America is very close to succeeding in Iraq. The “near-strategic defeat” of al Qaeda in Iraq described by CIA Director Michael Hayden last month in the Washington Post has been followed by the victory of the Iraqi government’s security forces over illegal Shiite militias, including Iranian-backed Special Groups. The enemies of Iraq and America now cling desperately to their last bastions, while the political process builds momentum.

These tremendous gains remain fragile and could be lost to skillful enemy action, or errors in Baghdad or Washington. But where the U.S. was unequivocally losing in Iraq at the end of 2006, we are just as unequivocally winning today.

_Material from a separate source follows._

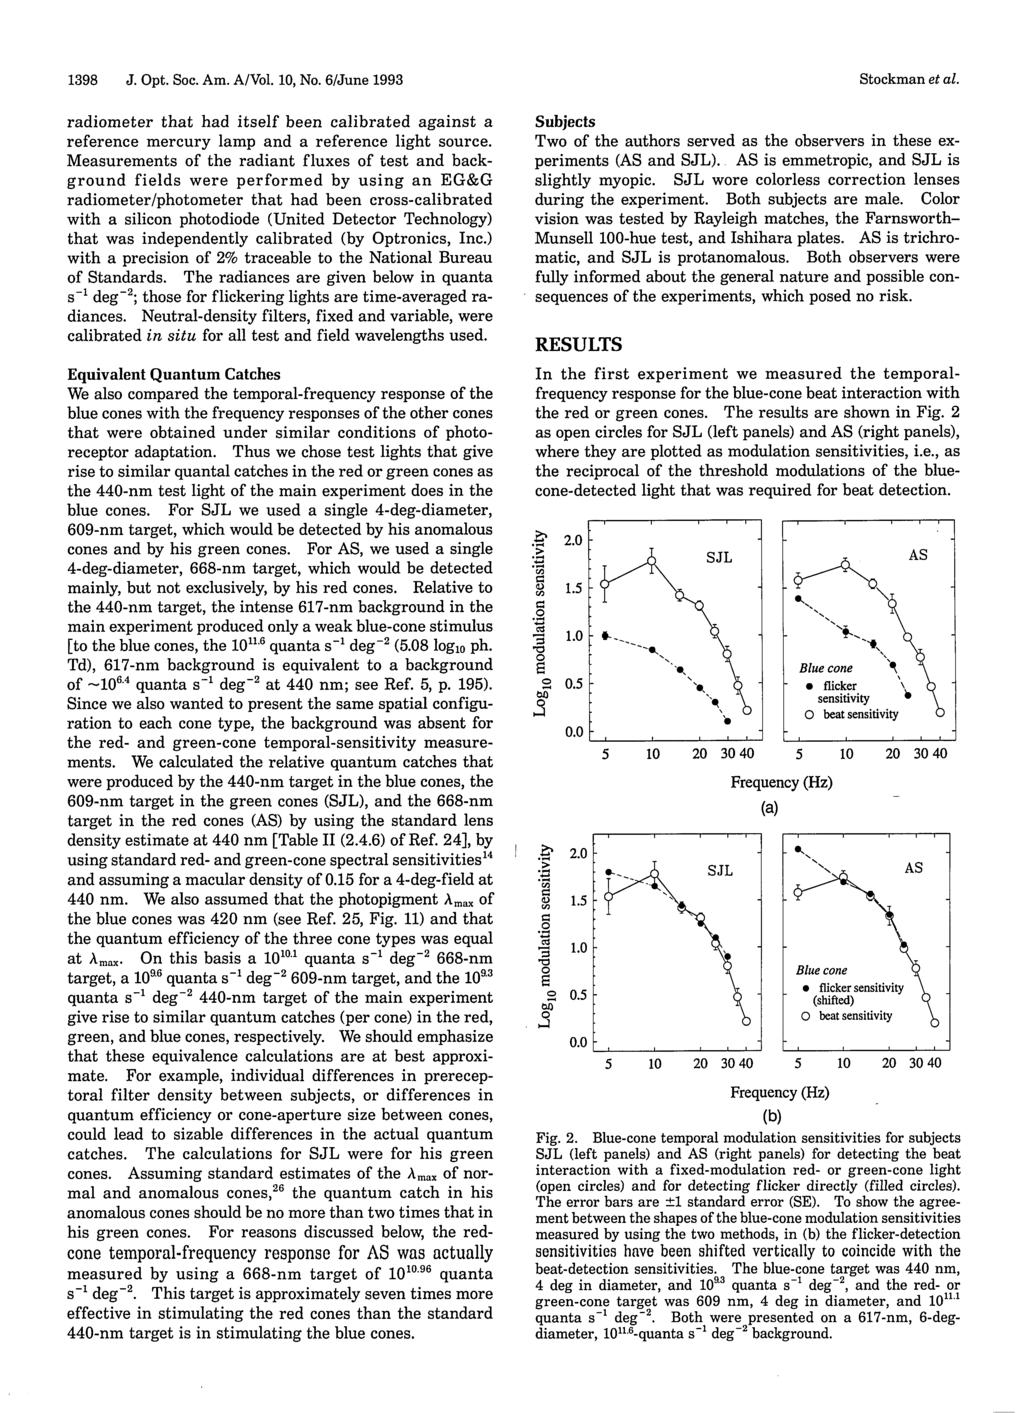 1398 J. Opt. Soc. Am. A/Vol. 1, No. 6/June 1993 radiometer that had itself been calibrated against a reference mercury lamp and a reference light source.

By February 2008, America and its partners accomplished a series of tasks thought to be impossible. The Sunni Arab insurgency and al Qaeda in Iraq were defeated in Anbar, Diyala and Baghdad provinces, and the remaining leaders and fighters clung to their last urban outpost in Mosul. The Iraqi government passed all but one of the “benchmark” laws (the hydrocarbon law being the exception, but its purpose is now largely accomplished through the budget) and was integrating grass-roots reconciliation with central political progress. The sectarian civil war had ended.

Read on for a really excellent survey of the critical milestones that have been accomplished by the Iraqis. The title chose by the editors for this piece is “How Prime Minister Maliki Pacified Iraq“. Hyperbole to be sure, but there is truth in it.